Ratchet & Clank (2016), da Insomniac Games

Por que eu fui jogar Ratchet & Clank?

Eu sempre admirei a franquia Ratchet & Clank porque sempre me pareceu aqueles joguinhos “fáceis, com dificuldade sutil e que dá gostosas risadas”. Mas eu confesso que nunca joguei nada da franquia, ficando apenas na admiração.

Porém, como sou assinante da Playstation Plus, eu recebi o jogo gratuitamente em Março de 2021 no plano Play At Home. O objetivo deste plano era estimular os jogadores a permanecerem em casa durante a pandemia da Covid-19. Em março de 2021 ainda era o momento em que as vacinas estavam sendo produzidas, então permanecer em isolamento era essencial. E a Sony ofereceu este jogo.

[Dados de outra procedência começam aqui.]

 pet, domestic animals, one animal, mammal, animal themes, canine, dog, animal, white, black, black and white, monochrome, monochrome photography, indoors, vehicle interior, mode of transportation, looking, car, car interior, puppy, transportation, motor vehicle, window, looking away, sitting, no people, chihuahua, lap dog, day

Assim como a maioria dos jogos, eu deixei ele salvo na minha conta para “um dia jogar”. Pois o dia chegou! Estava querendo passar o tempo com algum jogo “infantil”, desses fáceis e sem muito compromisso, e resolvi baixar o jogo para testar.

E não é que eu gostei?


Primeiro: o jogo (lançado em 2016), é um remake do primeiro jogo de 2002

A primeira coisa que eu descobri é que este jogo é um remake do primeiro jogo da franquia, lançado lá em 2002 no Playstation 2. E quando fui ver as comparações entre os dois jogos, fiquei surpreso com o salto de qualidade. Claro, é covardia comparar a potência de um play2 com um play4, mas veja a abaixo a diferença!

O jogo é idêntico em termos de história, mas o gráfico e gameplay são únicos.

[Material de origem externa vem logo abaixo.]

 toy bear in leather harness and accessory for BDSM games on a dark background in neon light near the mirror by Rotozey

Mesmo vendo as gameplays da versão de Play2, dá pra já imaginar o quanto o jogo era bem feito na época. Eles realmente apostaram em uma franquia de qualidade e sucesso, e um dos carros-chefe dos consoles da Sony.

Eles até fazem piada com esta questão. No planeta Novalis, após terem a nave consertada, o mecânico diz: “Até o próximo reboot!”

Eu achei isso de uma genialidade incrível!

Segundo: esse jogo é na verdade a versão de um filme que já era remake do primeiro jogo

Parece confuso, mas na linha do tempo faz sentido:

  • o jogo original foi lançado em 2002, para Playstation 2
  • fizeram um filme em CGI da história do primeiro jogo, em 2016
  • lançaram o remake do jogo original, que é uma “continuação do filme”, em 2016 também.

Essa história acontece até porque este jogo é contado do ponto de vista do Quark, que está preso. E o seu ouvinte, outro criminoso, conhece a história pelo filme. Mas para entender isso direito, vamos ao enredo do jogo.

A história do jogo

Ratchet & Clank é contado pela perspectiva do Capitão Quark, que segue a mesma estrutura de presença na rrativa pelo jogo assim como no filme, mas mais elaborado. O que é legal é que é a história original lá do primeiro jogo (lançamdo em 2002), mas existem várias referências e elementos que apareceram na série, dando vários easter eggs para quem é fã da série. Eu, infelizmente, não peguei nenhum por não ter jogado antes, mas se pesquisar um pouco nos fóruns as pessoas surtam com as lembranças.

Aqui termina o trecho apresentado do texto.